Even by the extremely forgiving criteria you’d use for a movie called “Winnie-the-Pooh: Blood and Honey,” logic gaps are shoddy. When everything else fails, start the viewer drinking games. Such a product is constructed (and in this case, being marketed) for laughs, whether intentionally or not. However, no matter how low you’re willing to go, writer, director, and producer Rhys Frake-Waterfield make it damnably difficult to have much fun.

This one deserves gratitude for its few components of relative proficiency in an age where technology has made even many shoestring features look very crisp. These include portions of Vince Knight’s widescreen photography and the original score by Andrew Scott Bell. It might be to the discourse’s advantage if the sound mix is frequently bad enough to bury the speech in music. Additionally, if the photographs are regularly dimly lit, gore effects and stunt work are likely obscured and unsuitable for clearer exhibition.

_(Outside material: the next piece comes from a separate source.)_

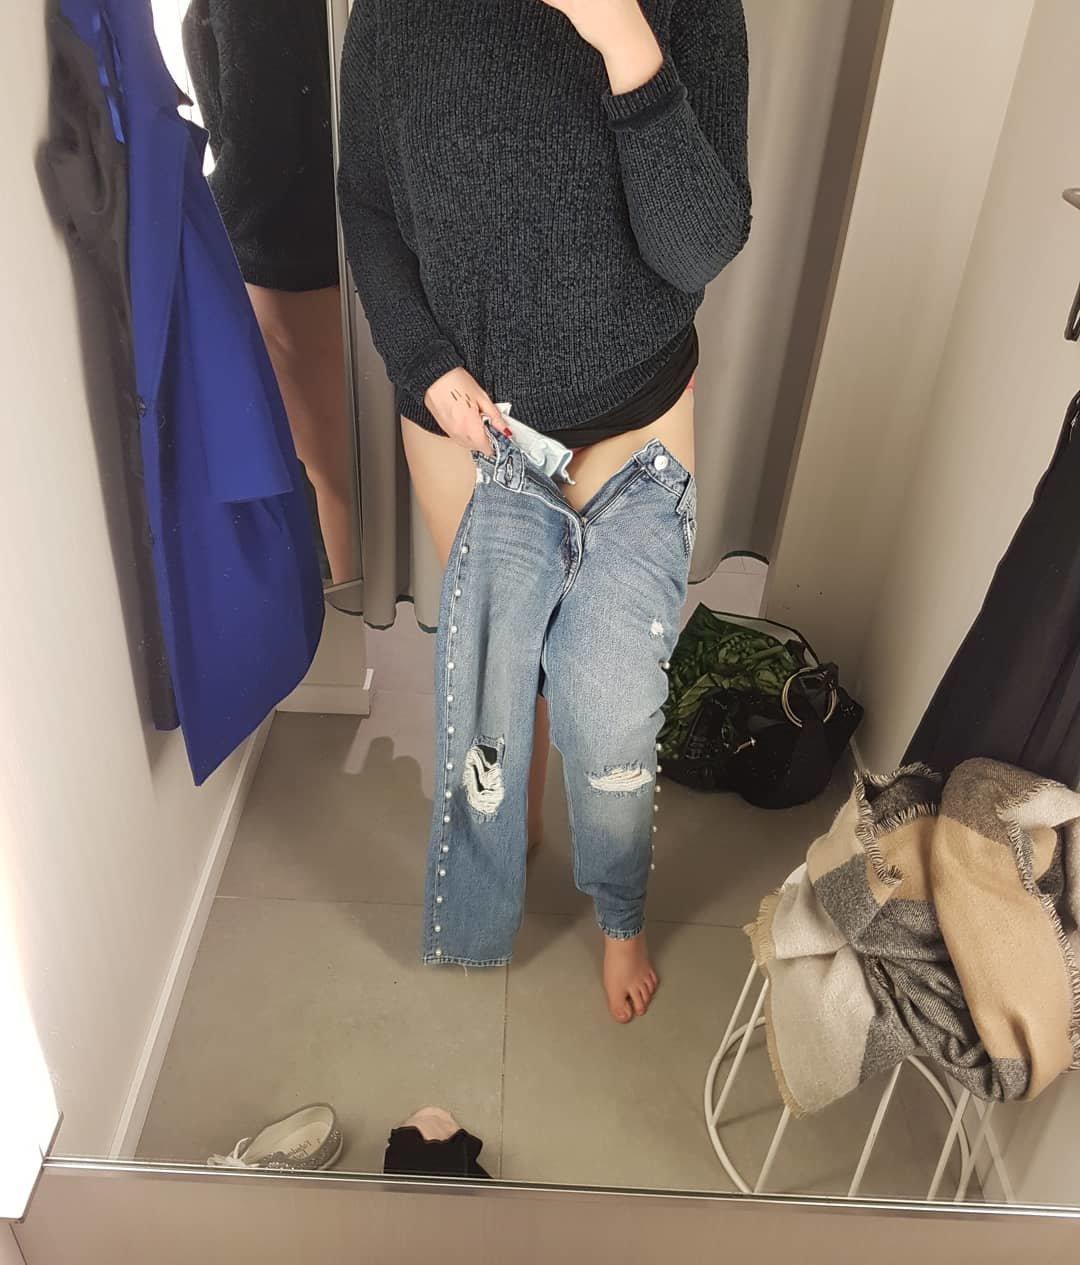 Weaker sales for H&M
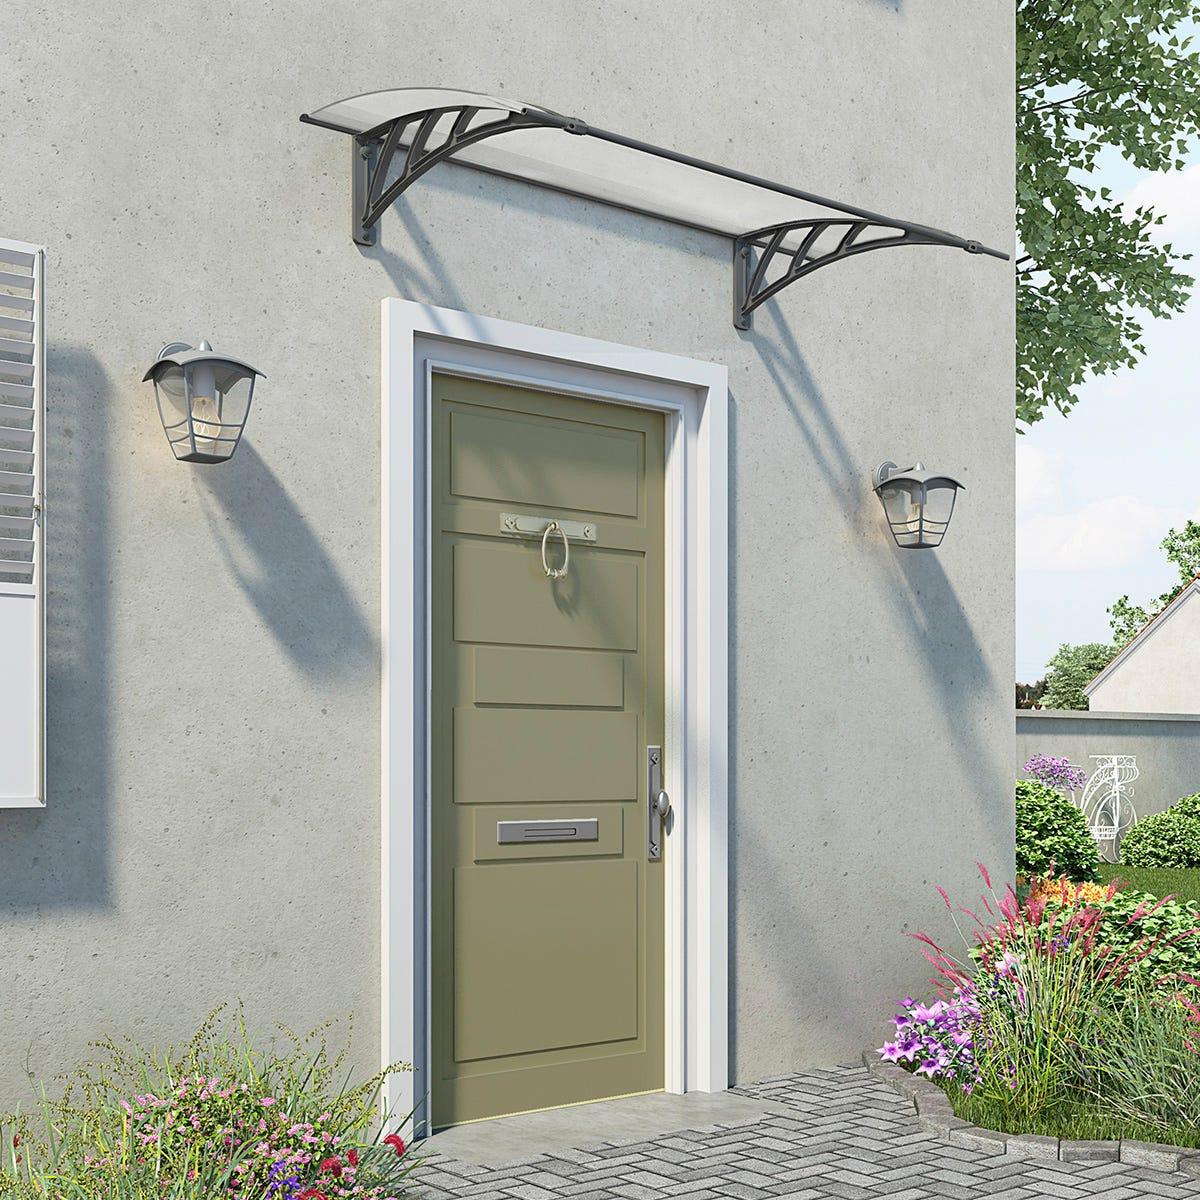 Palram - Canopia Twinwall Canopy Neo 1350 - Grey

British author A.A. Milne lost their copyright protection last year, making them publicly available. Winnie the Pooh Blood and Honey movie is the first (and,...
Being littered with common horror movie tropes, Winnie the Pooh Blood and Honey movie is underwhelming at best

The actors can’t be held responsible for the appalling overall outcome because they blatantly lack the resources and direction needed to do any better. One can only hope that Frake-Waterfield and his colleagues will make use of their good fortune to slow the hell down since Winnie the Pooh Blood and Honey movie is almost certainly going to generate a sizable return on its little investment. In the past year alone, he has released 14 pictures as a producer; the four films he self-directed all debuted in the previous four months. There is a narrow line between being frugal and just creating garbage out of garbage.

It does not seem unreasonable to request that some effort be made, even if just on behalf of famous deceased authors who never requested such treatment, with Bambi and Peter Pan (as well as more Pooh) presumably next on his schedule. Even viewers who are only looking for a few stupid yoks deserve better than this depressing caliber of trash.